Familiarity in the front three
Chemistry is vital to success in football. You can only get so far by throwing eleven names onto the pitch with little semblance of mutual understanding. All eleven must play according to tactics, personal strengths and intelligence.
Gerard Deulofeu’s familiarity with Carlos Bacca (2014-15 with Sevilla) and Suso (Spain U-19 side at the 2012 Euro in Estonia) provides a sense of assurance if you are a Milan supporter. Montella arrived to Milan last summer, strapped for finances and options. He immediately showed confidence in Suso who you can make a strong case for as the clubs’ top performer this year. Bravery going at opposing defenders and the confidence in his lethal left foot are well pronounced.

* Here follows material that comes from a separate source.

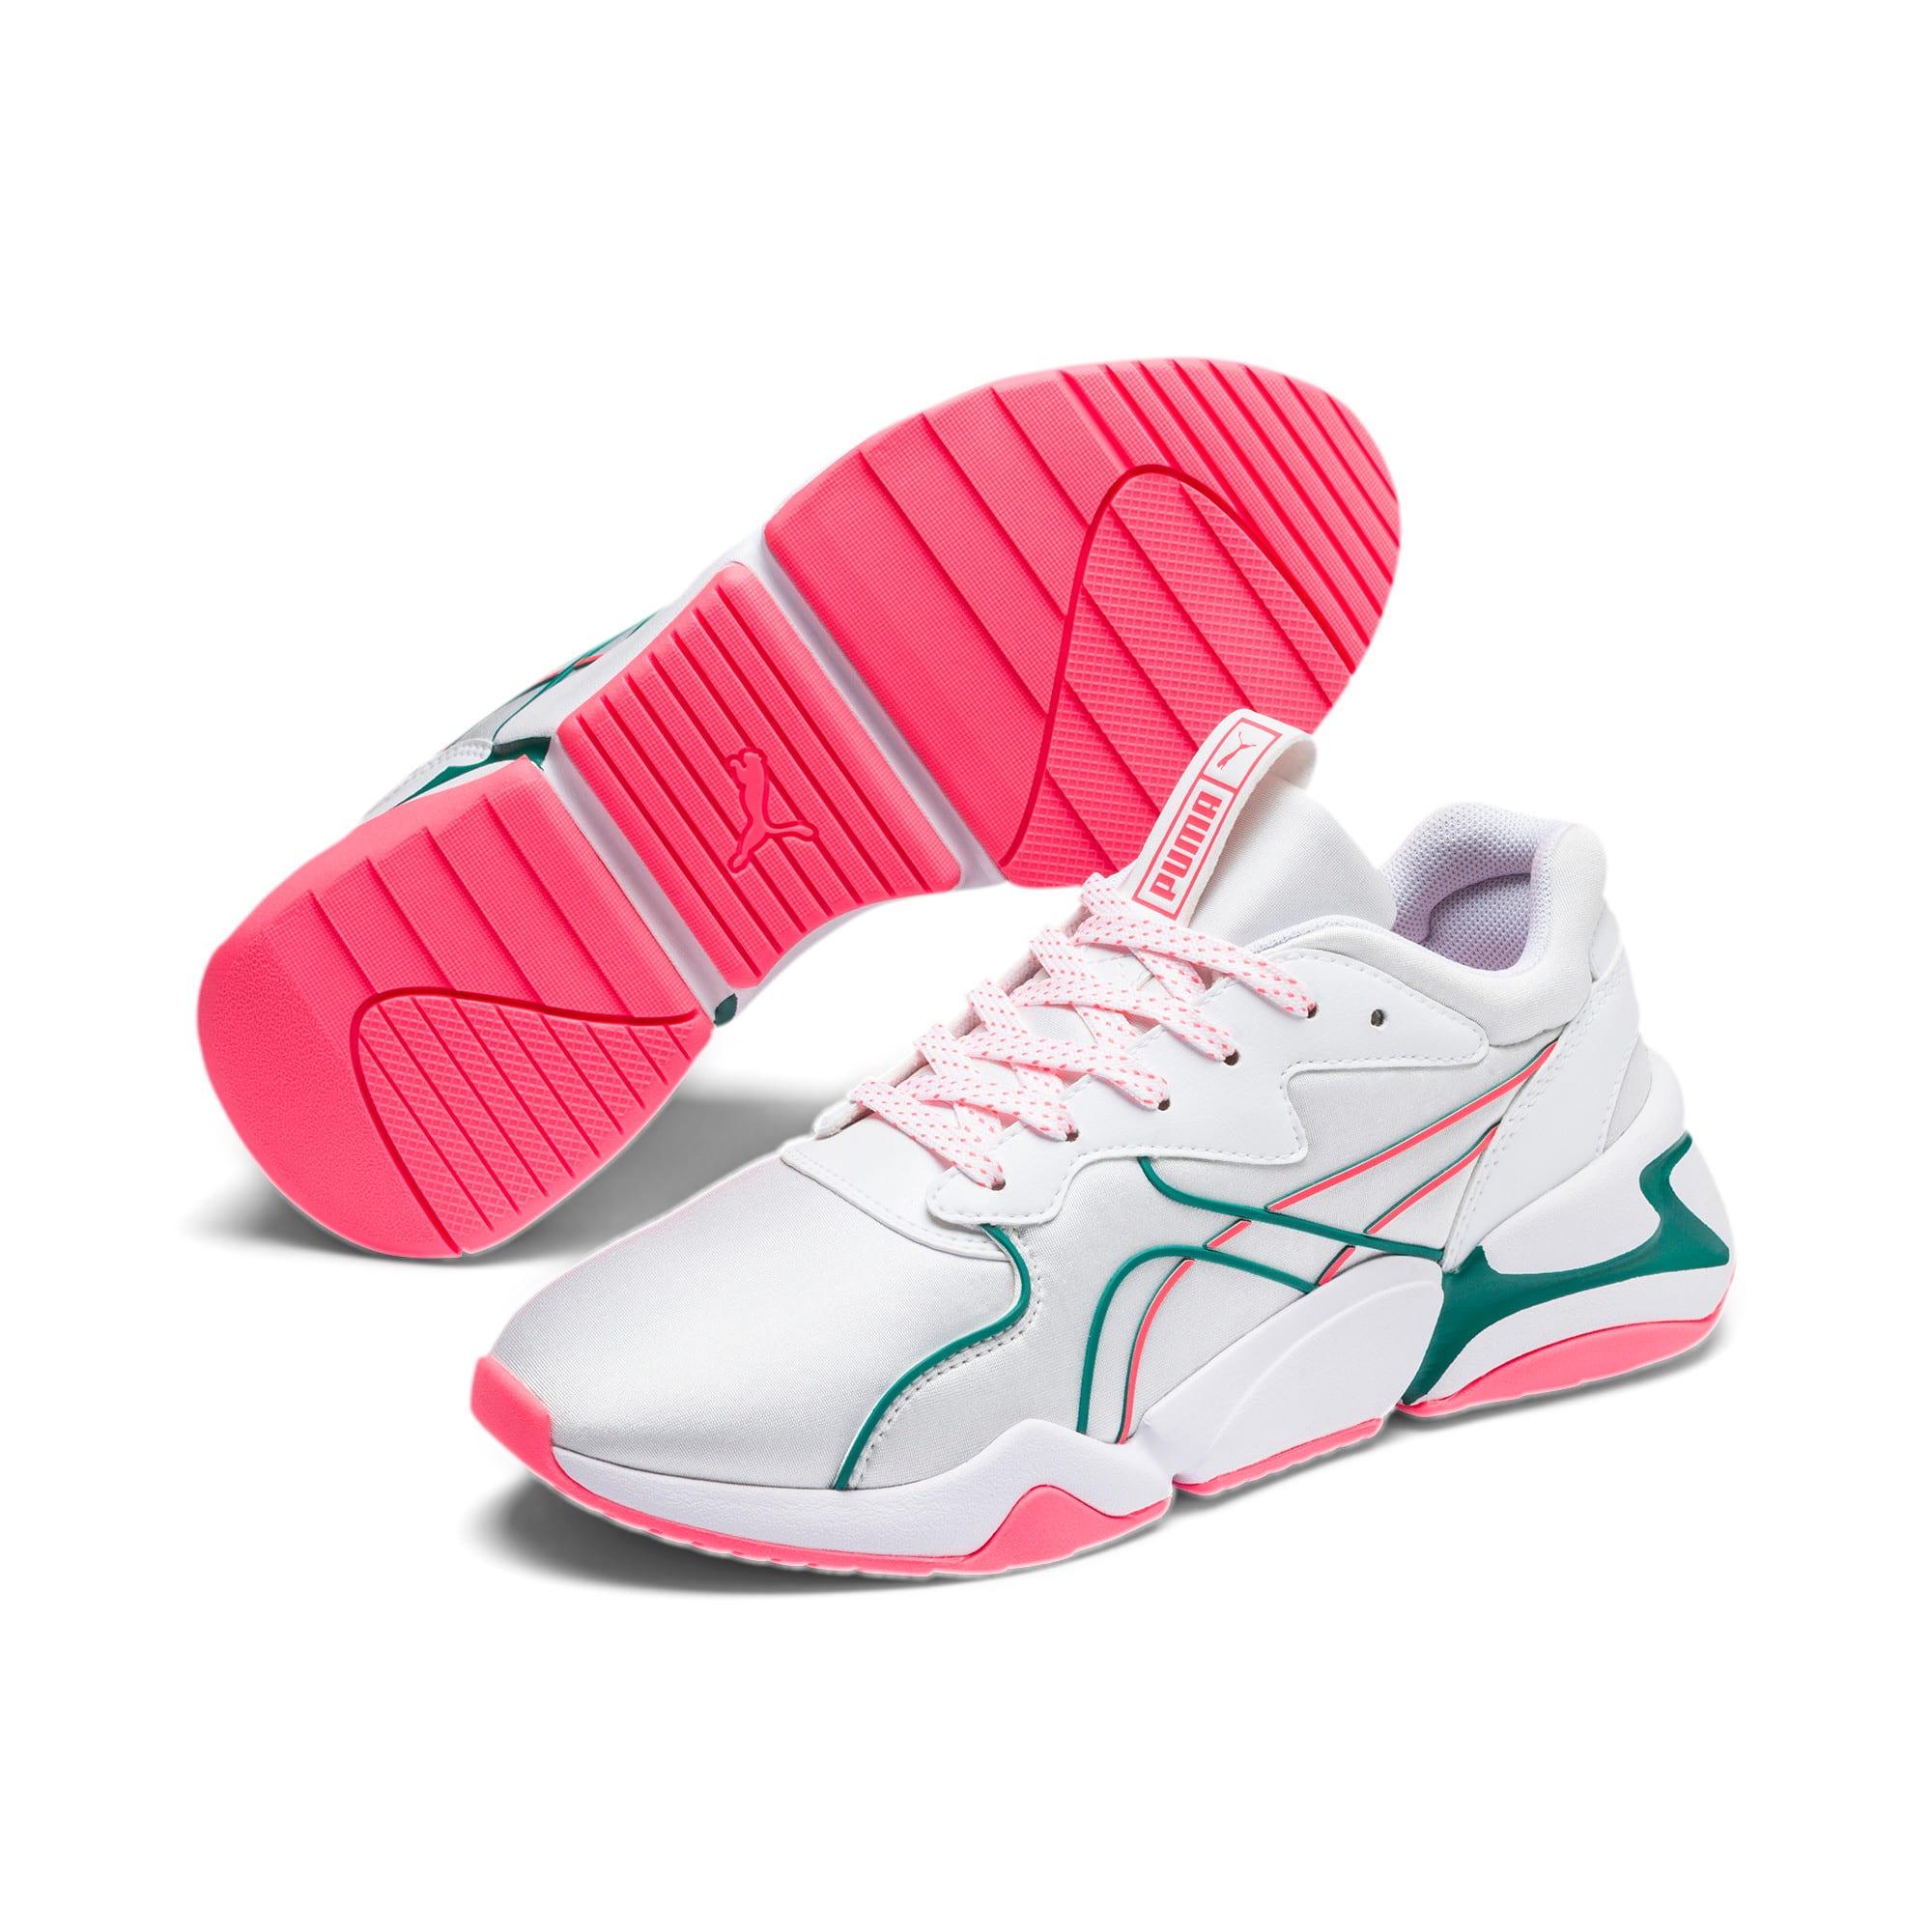 Thumbnail 3 of Nova Hypertech Women's Sneakers, Puma White, medium
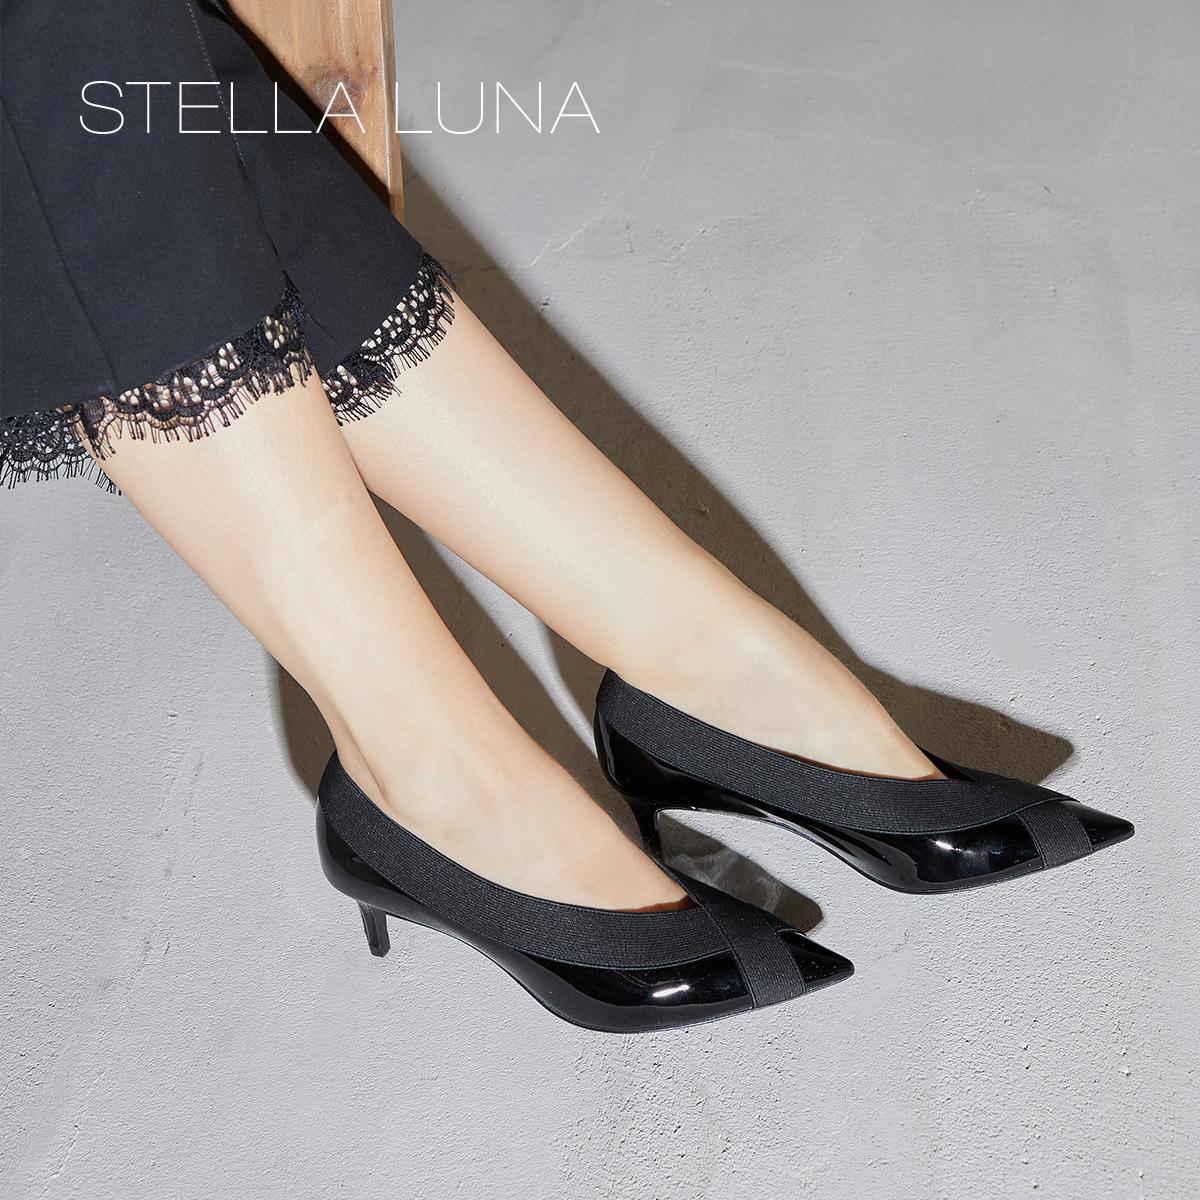 STELLA LUNA2018秋季新款牛皮浅口时尚尖头细跟小猫跟通勤女单鞋

Montella has tapped into his potential. By having familiar faces around the Milanello ground to help Deulofeu adapt to Italian culture and calcio, the astute tactician aims to make him feel at ease. And, in return, unlock the former Catalan youth’s arsenal of raw talents.
Deulofeu has the blessings of exceptionally quick feet and the ability to outfox defenders with sudden directional changes. If there is a burning desire inside, and Deulofeu puts in the effort on the training ground, the former Spain U-21 skipper could become the latest beneficiary of L’Aeroplanino’s inner workings.